SOURCE RECORDS:
* * *

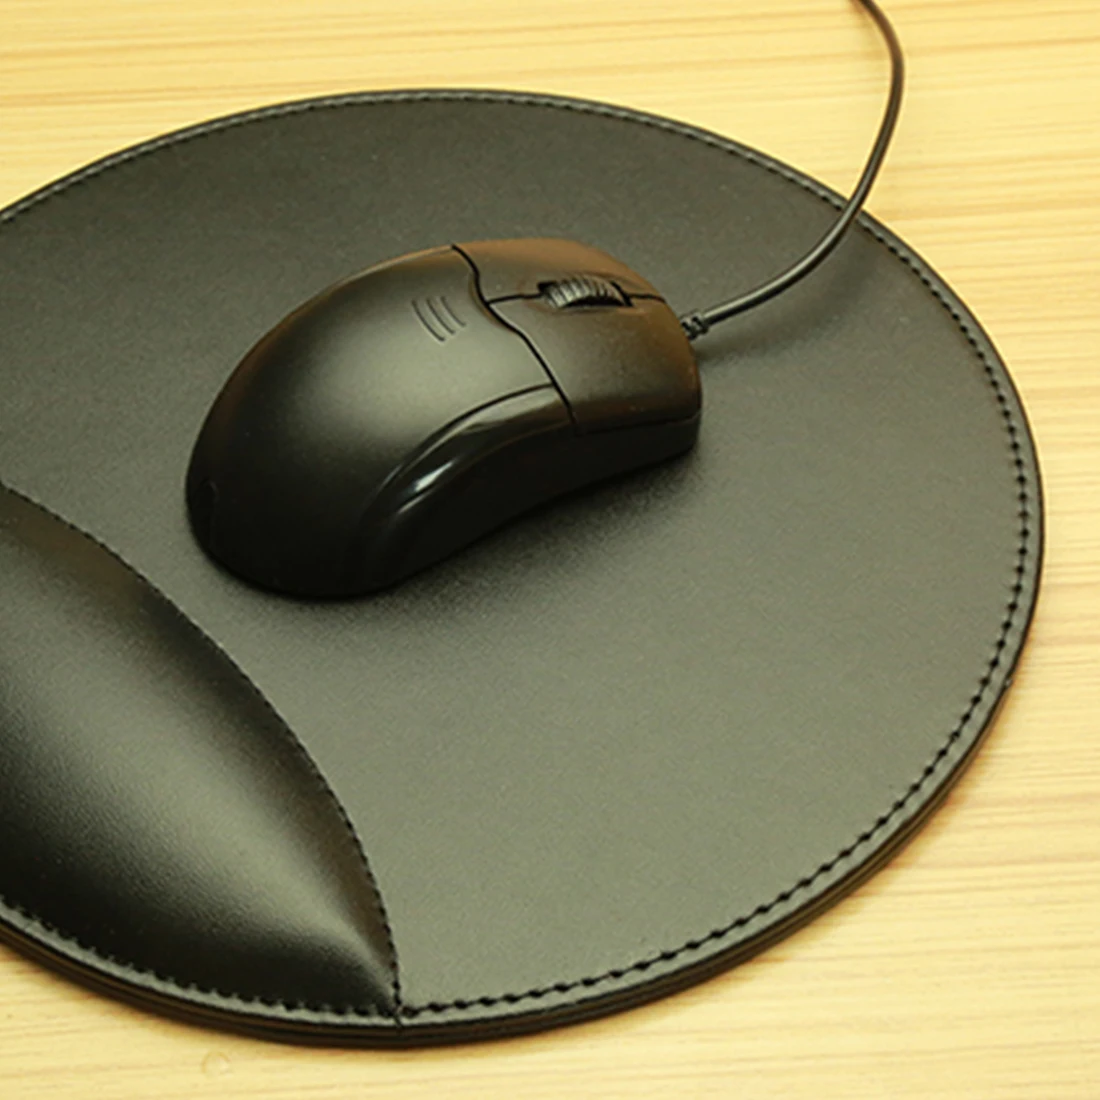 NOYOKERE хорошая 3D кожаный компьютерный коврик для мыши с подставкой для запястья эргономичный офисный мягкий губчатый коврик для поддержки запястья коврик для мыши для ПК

* * *

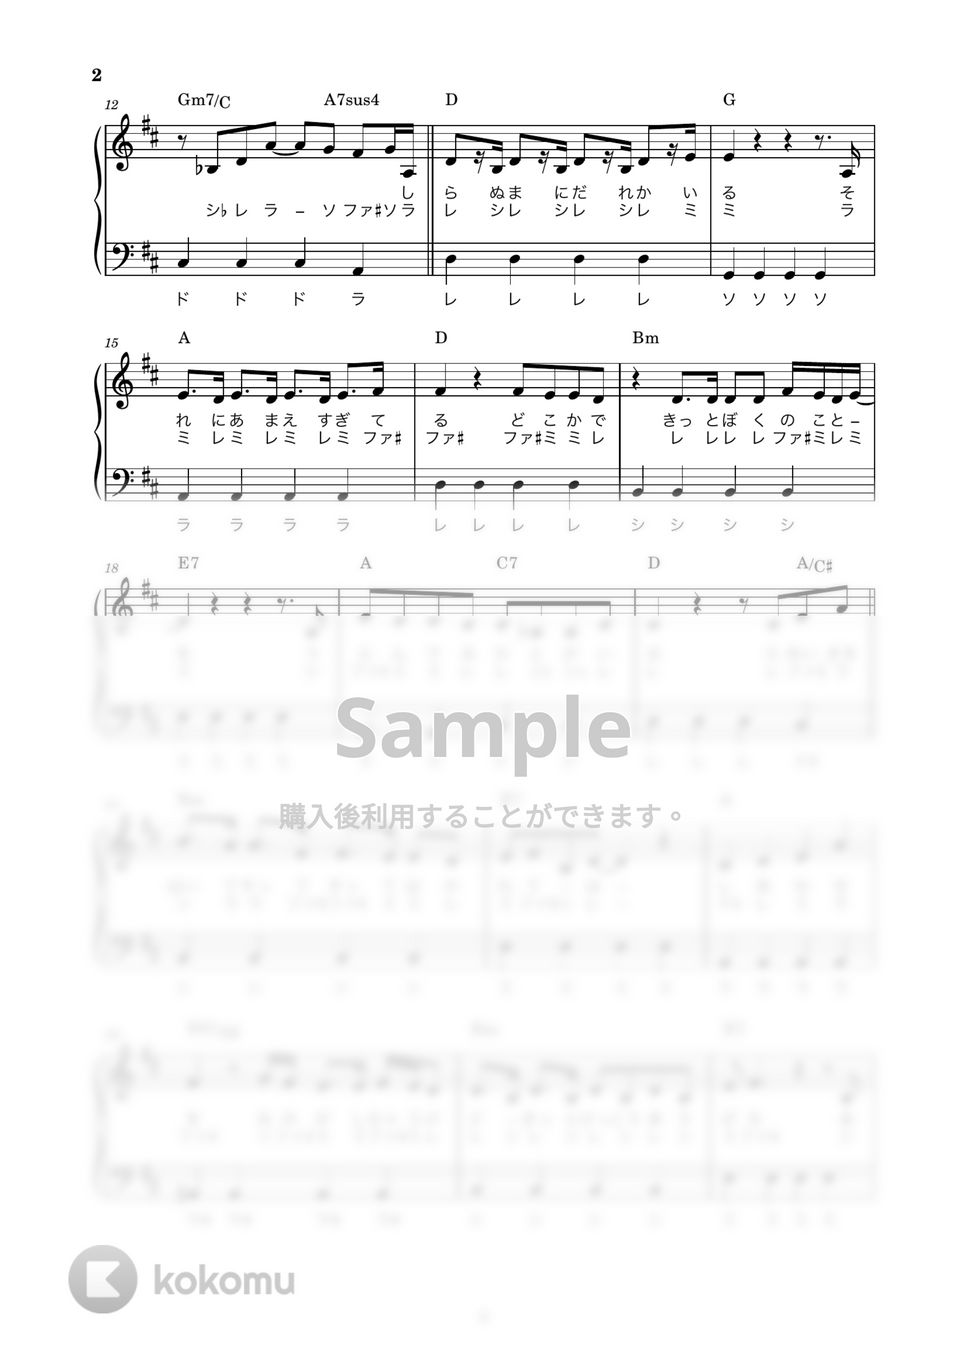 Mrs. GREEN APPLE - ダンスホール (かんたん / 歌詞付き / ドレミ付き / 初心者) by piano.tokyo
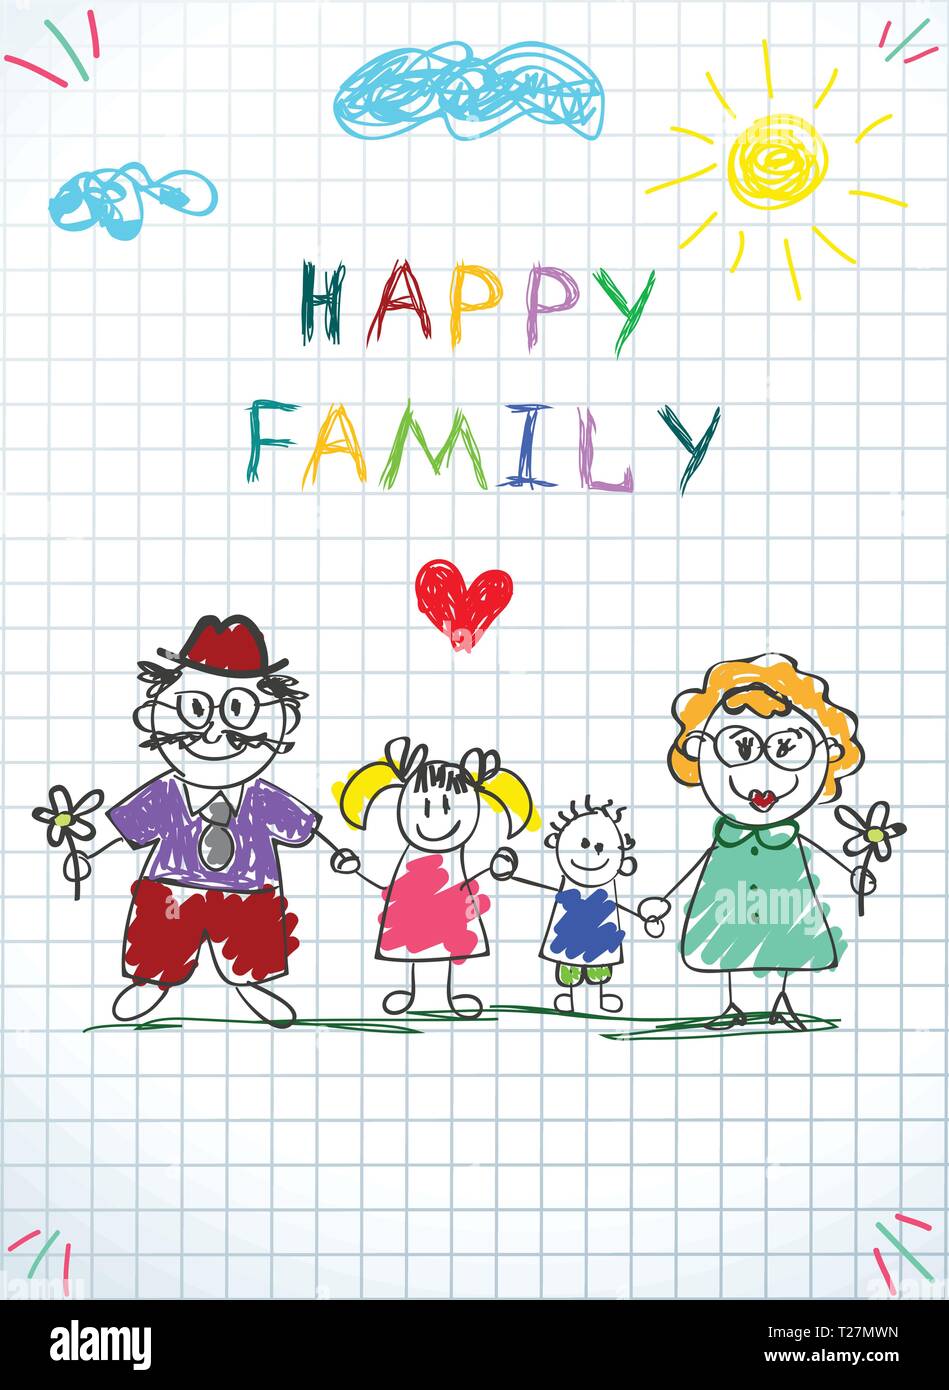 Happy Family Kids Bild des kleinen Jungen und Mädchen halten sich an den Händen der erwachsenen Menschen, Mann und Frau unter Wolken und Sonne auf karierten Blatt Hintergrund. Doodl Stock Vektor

* * *

TASK INSTRUCTIONS:
Working from the entries above, please transcribe only the lines from the line with "Mrs. GREEN APPLE" through the line with "Happy Family Kids", exactly, with both end lines and without pictures.

YOUR SOLUTION:
 Mrs. GREEN APPLE - ダンスホール (かんたん / 歌詞付き / ドレミ付き / 初心者) by piano.tokyo
 Happy Family Kids Bild des kleinen Jungen und Mädchen halten sich an den Händen der erwachsenen Menschen, Mann und Frau unter Wolken und Sonne auf karierten Blatt Hintergrund. Doodl Stock Vektor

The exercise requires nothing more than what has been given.